2. To secure the Liabilities, the Borrower hereby grants a security
interest in favor of, and collaterally assigns to the Lender, with power of sale
in and to the following and all
proceeds thereof:
(1) All of the Borrower's now owned or existing or hereafter
acquired or arising patents and patent applications including, without
limitation, those listed on EXHIBIT A annexed hereto and made a part
hereof, together with any goodwill connected with and symbolized by any
such patents and patent applications.
(2) All renewals of any of the foregoing.
(3) All income, royalties, damages and payments now and hereafter
due and/or payable under and with respect to any of the foregoing,
including, without limitation, payments under all licenses entered into in
connection therewith and damages and payments for past or future
infringements or dilutions thereof.
(4) The right to xxx for past, present and future infringements and
dilutions of any of the foregoing.
(5) All of Borrower's rights corresponding to any of the foregoing
throughout the world.
All of the foregoing patents and patent applications described in Subsection
2.(a), together with the items respectively described in Subsections 2.(b)

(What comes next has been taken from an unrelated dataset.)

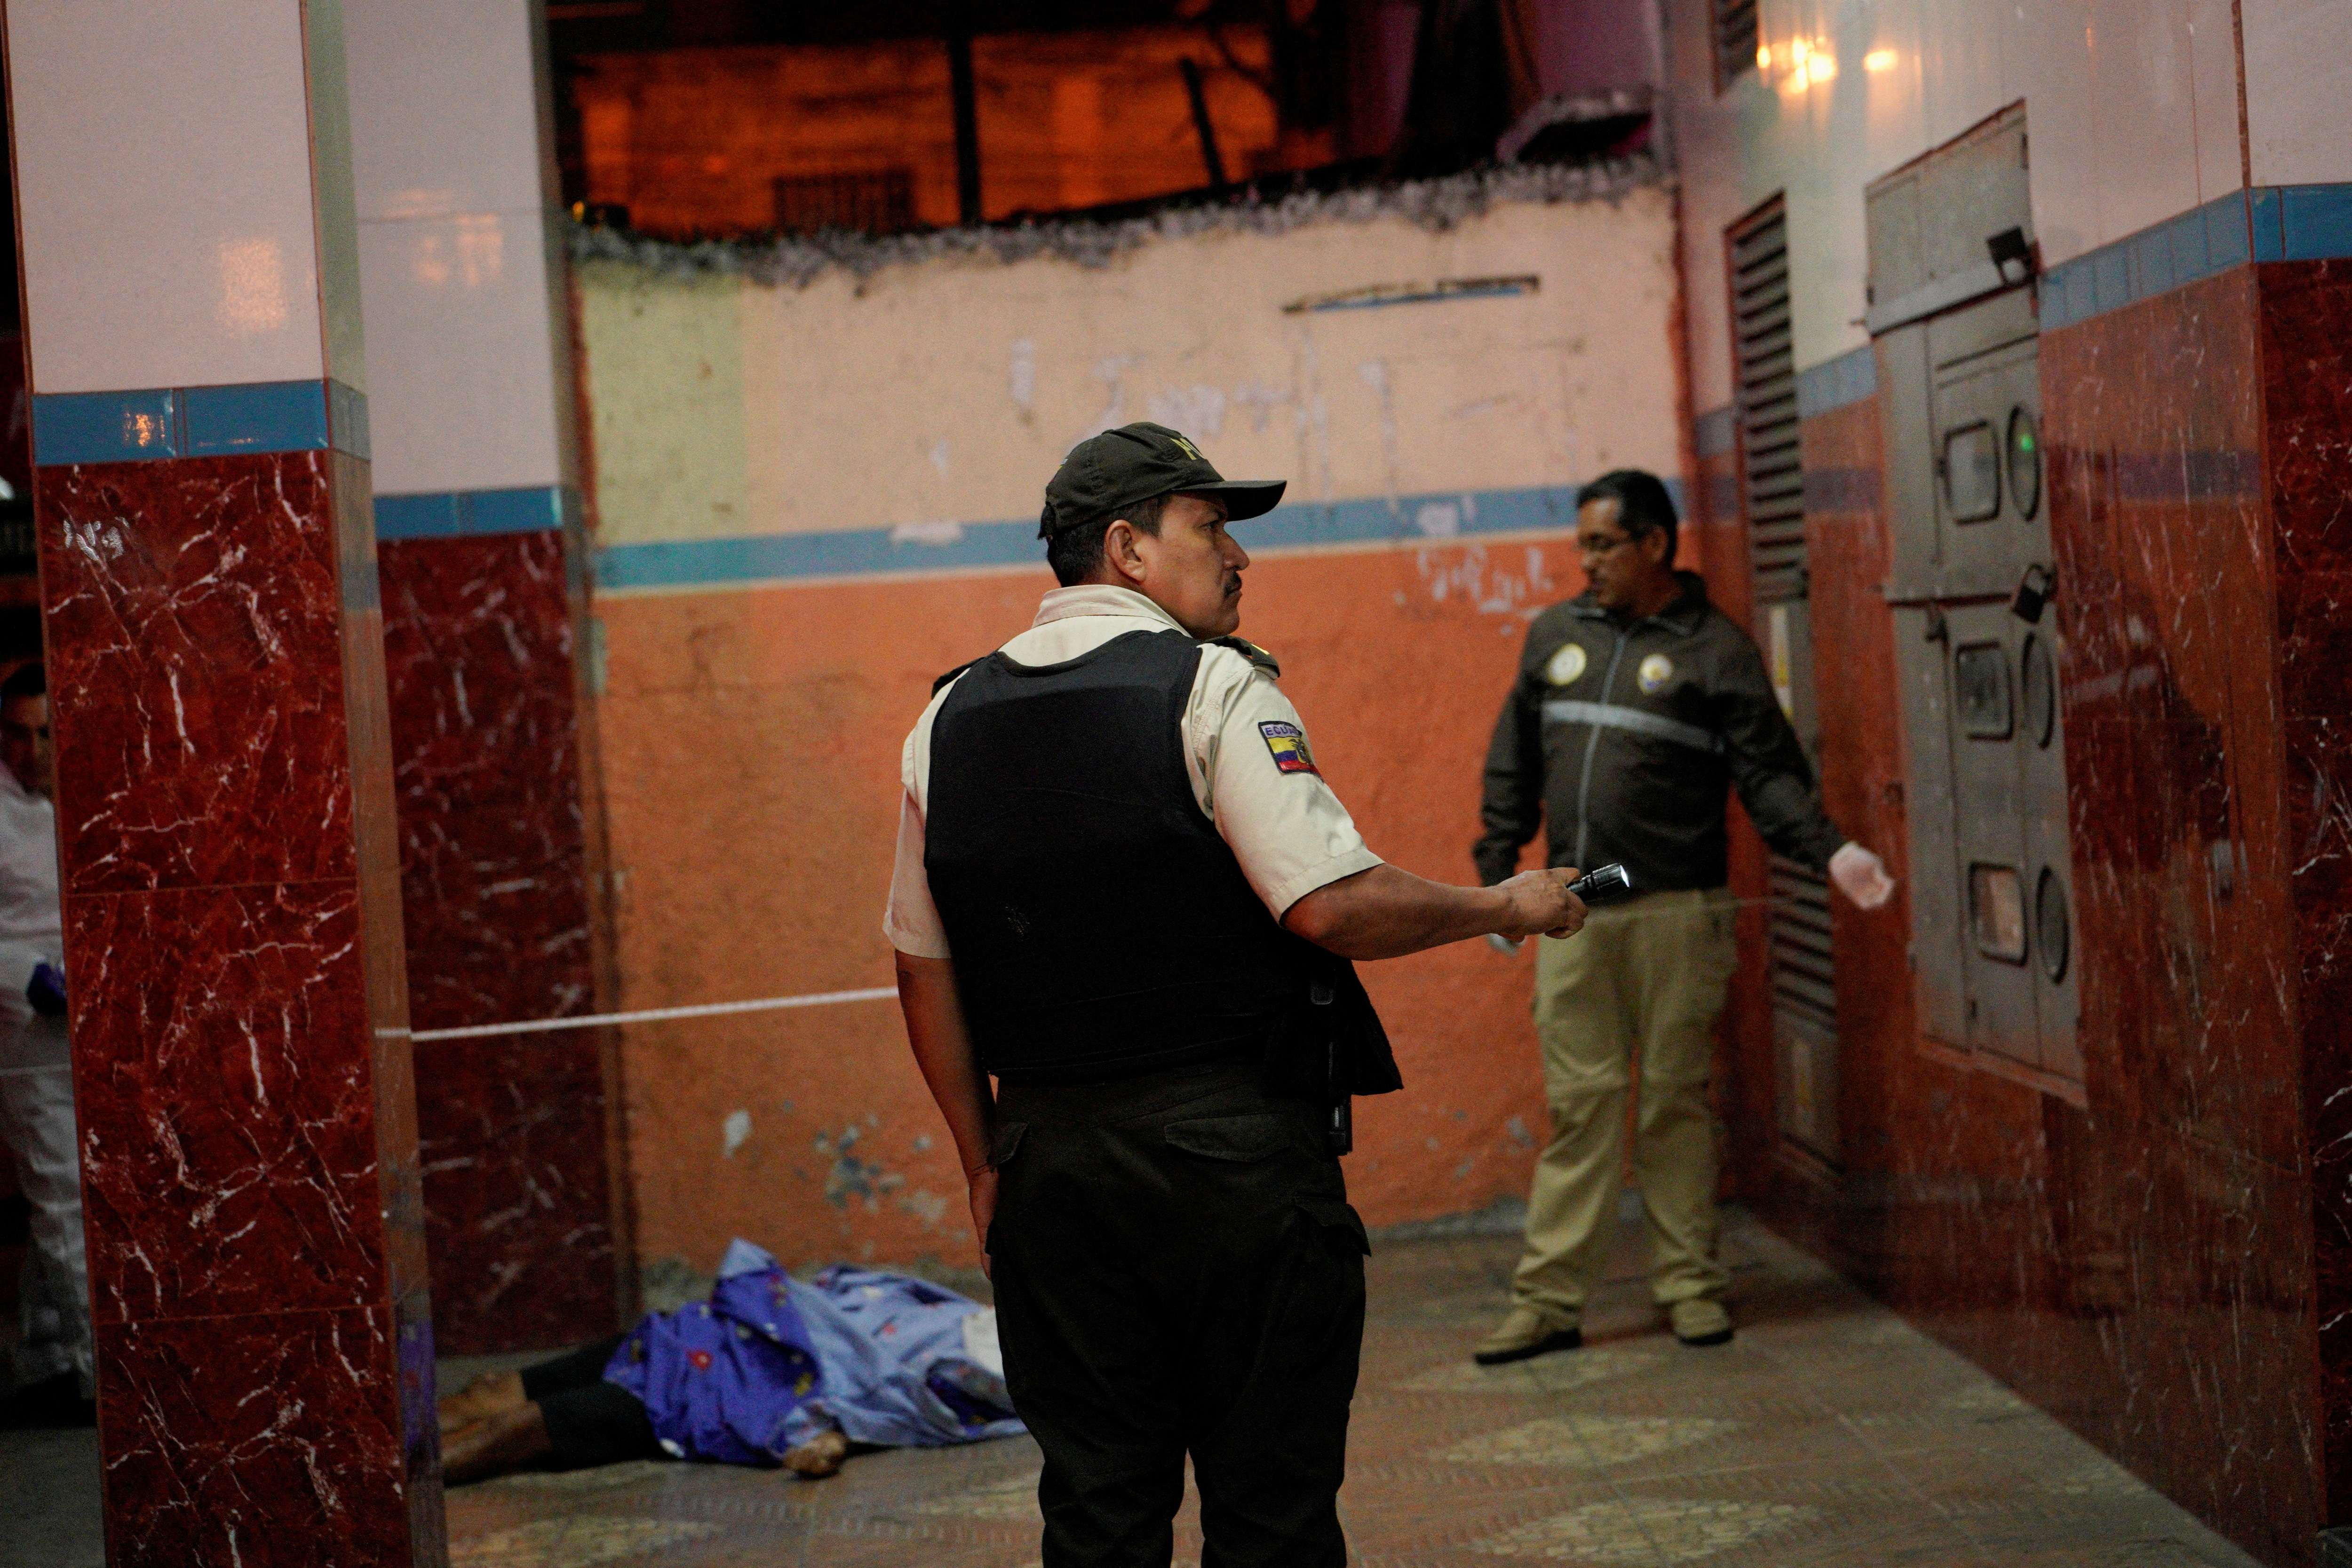 Las muertes violentas continúan en Guayaquil. Las autoridades señalan que la penetración del narcotráfico en el Ecuador es la causa. (REUTERS/Santiago Arcos/ Archivo)

through and including 2.(e) are hereinafter individually and/or collectively
referred to as the "Patents".
3. Until this PM Security Agreement is terminated in writing by a duly
authorized officer of the Lender, the Borrower shall undertake the following
with respect to each Patent
(1) Pay all renewal fees and other fees and costs associated with
maintaining the Patents and with the processing of the Patents.
(2) At Borrower's sole cost, expense, and risk, pursue the prompt,
diligent, processing of each Application for Registration which is the
subject of the foregoing assignment and not abandon or delay any such
efforts.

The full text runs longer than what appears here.